Does hypothermia impair cerebrovascular autoregulation in neonates during cardiopulmonary bypass?

Background: Autoregulation monitoring has been proposed as a means to identify optimal arterial blood pressure goals during cardiopulmonary bypass, but it has been observed that cerebral blood flow is pressure passive during hypothermic bypass. When neonates cooled during cardiopulmonary bypass are managed with vasodilators and controlled hypotension, it is not clear whether hypothermia or hypotension were the cause of impaired autoregulation. Aim: We sought to measure the effect of both arterial blood pressure and hypothermia on autoregulation in a cohort of infants cooled for bypass, hypothesizing a collinear relationship between hypothermia, hypotension, and dysautoregulation. Methods: Cardiopulmonary bypass was performed on 72 infants at Texas Children's Hospital during 2015 and 2016 with automated physiologic data capture, including arterial blood pressure, nasopharyngeal temperature, cerebral oximetry, and a cerebral blood volume index derived from near infrared spectroscopy.

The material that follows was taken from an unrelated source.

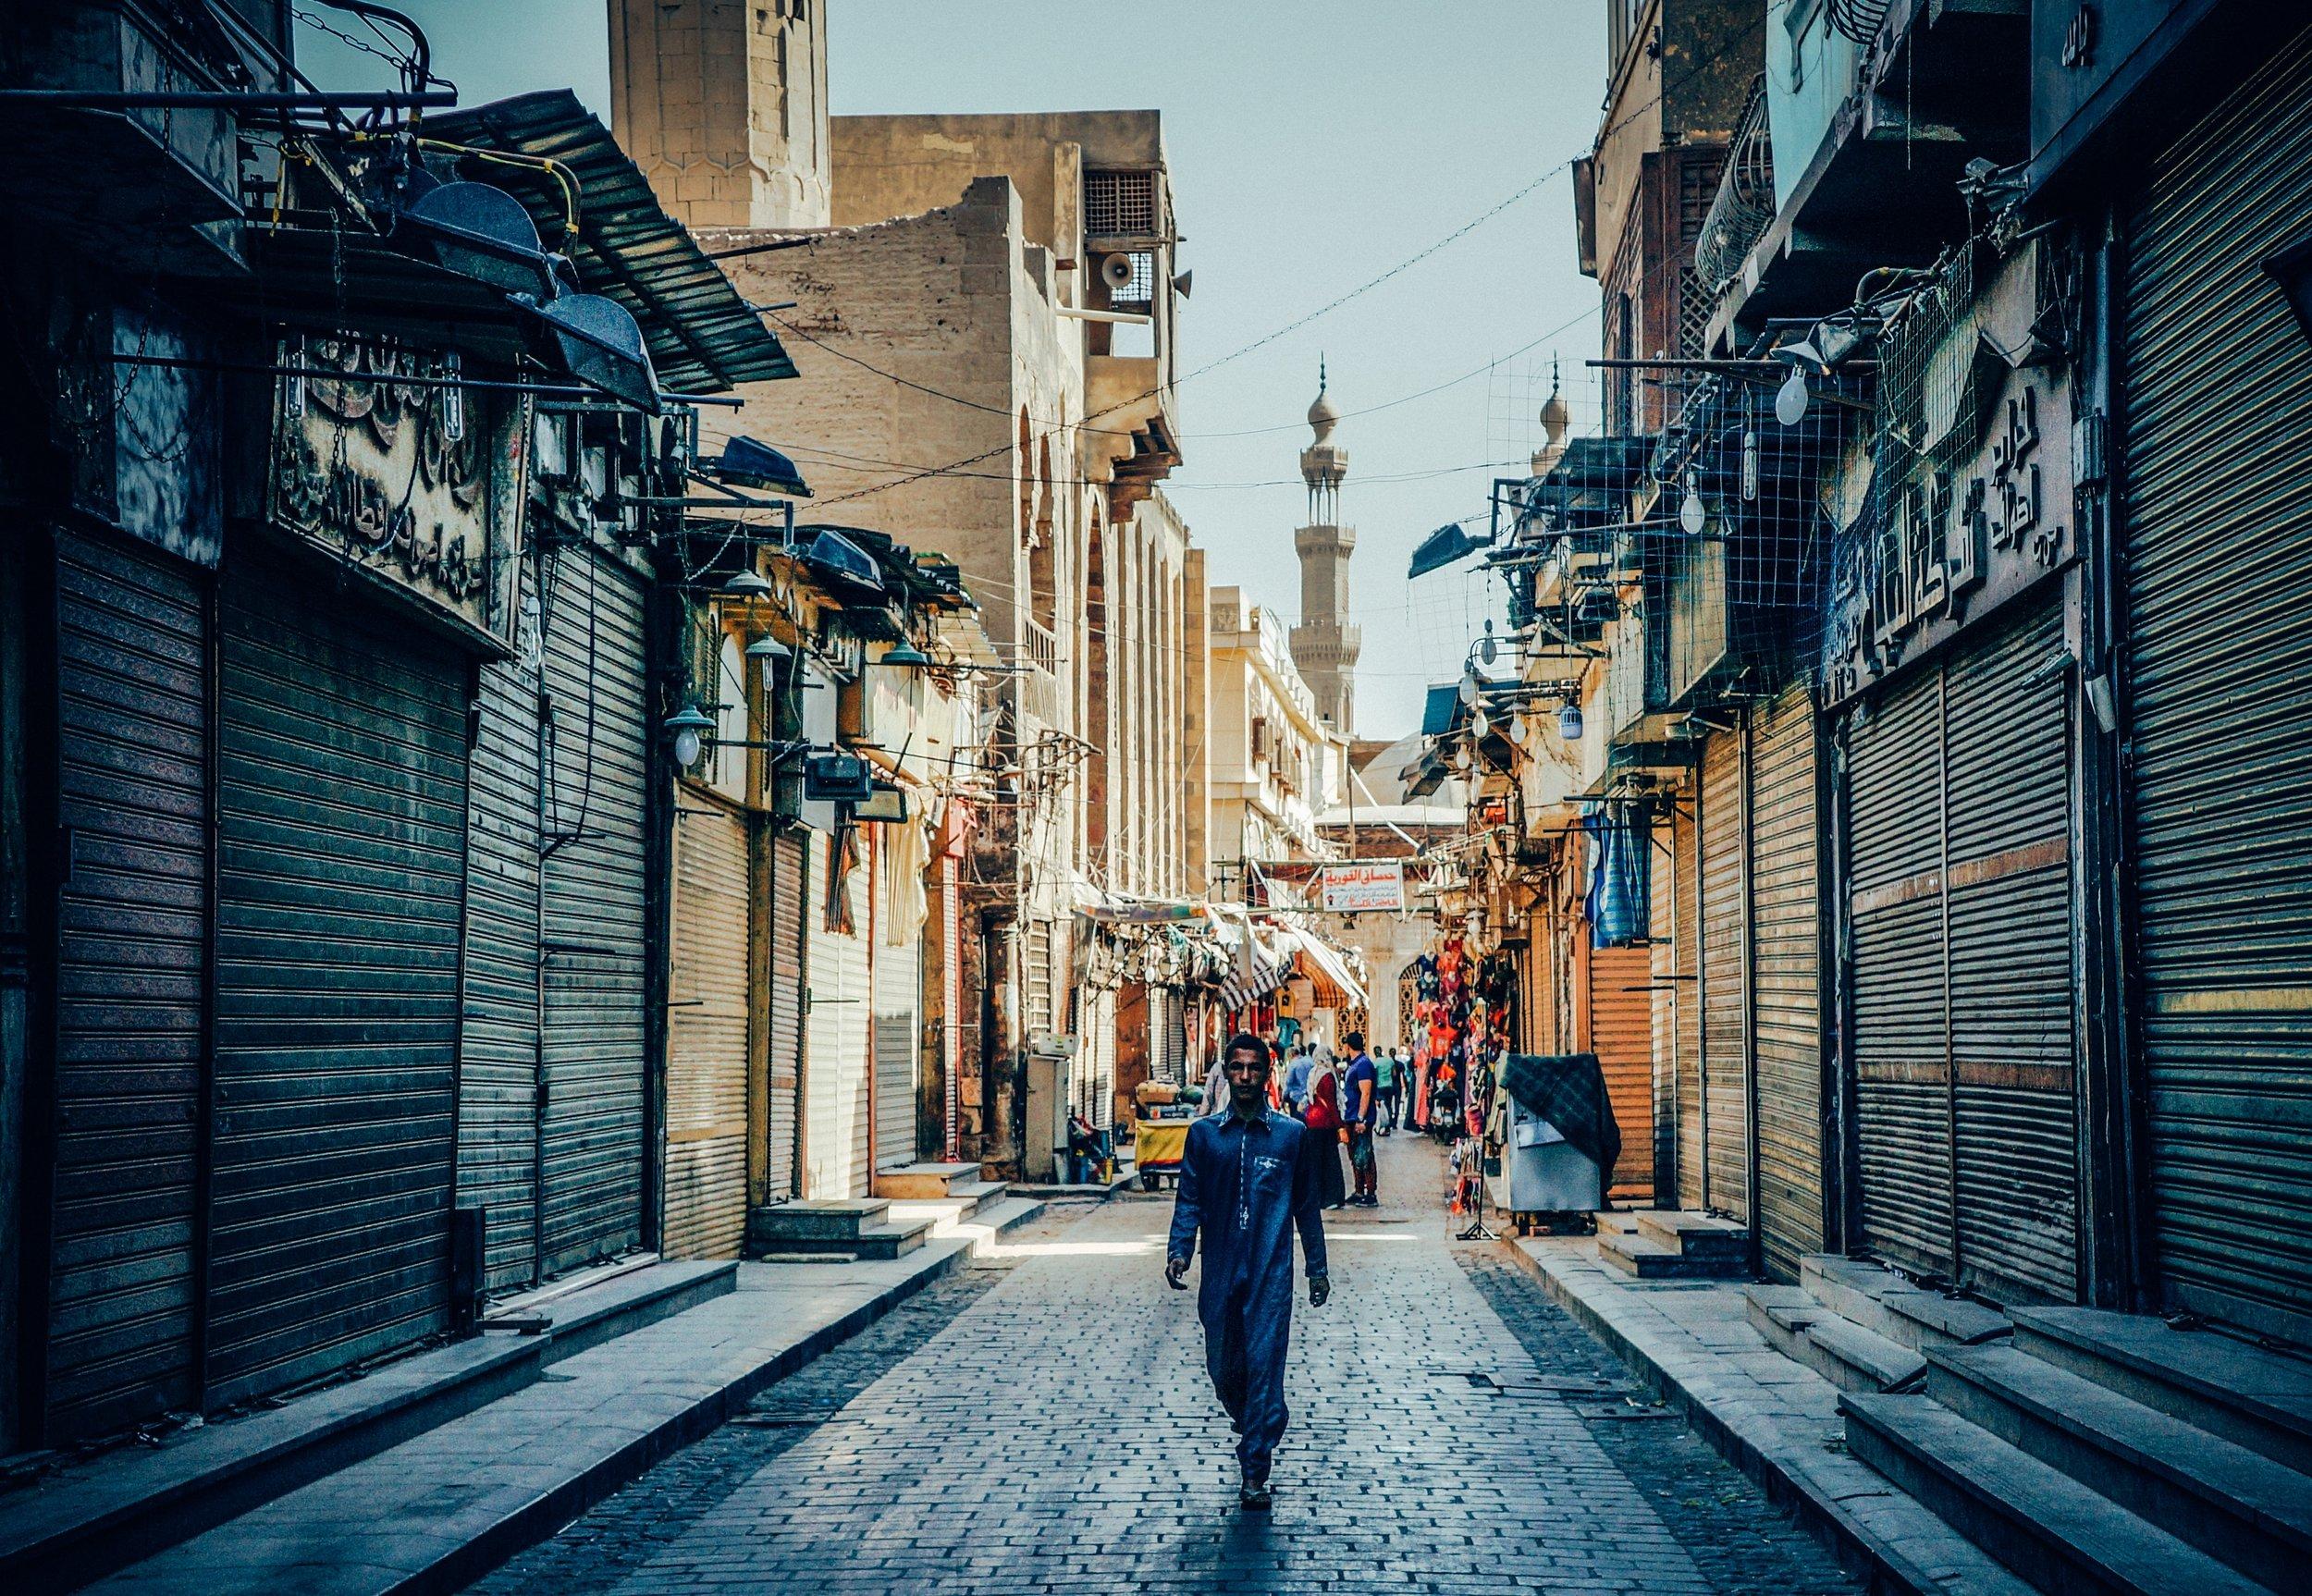 mii-working-in-cairo.jpg

Cooling to 18 degrees C, 24 degrees C, and 30 degrees C was performed on 33, 12, and 22 subjects, respectively. The hemoglobin volume index was calculated as a moving correlation coefficient between mean arterial blood pressure and the cerebral blood volume index. Positive values of the hemoglobin volume index indicate impaired autoregulation. Relationships between variables were assessed utilizing a generalized estimating equationapproach. Results: Hypothermia was associated with hypotension, dysautoregulation, and increased cerebral oximetry. Comparing the baseline temperature of 36 degrees C with 18 degrees C, arterial blood pressure was 44 mm Hg (39-52) vs 25 mm Hg (21-31); the hemoglobin volume index was 0.0 (-0.02 to 0.004) vs 0.5 (0.4-0.7) and cerebral oximetry was 59% (57-61) vs 88% (80-92) (Median, 95% CI of median; P<.0001 for all three associations by linear regression with generalized estimation of equations with data from all temperatures measured). Conclusions: Arterial blood pressure, temperature, and cerebral autoregulation were collinear in this cohort. The conclusion that hypothermia causes impaired autoregulation is thus confounded. The effect of temperature on autoregulation should be delineated before clinical deployment of autoregulation monitors to prevent erroneous determination of optimal arterial blood pressure. Showing the effect of temperature on autoregulation will require a normotensive hypothermic model.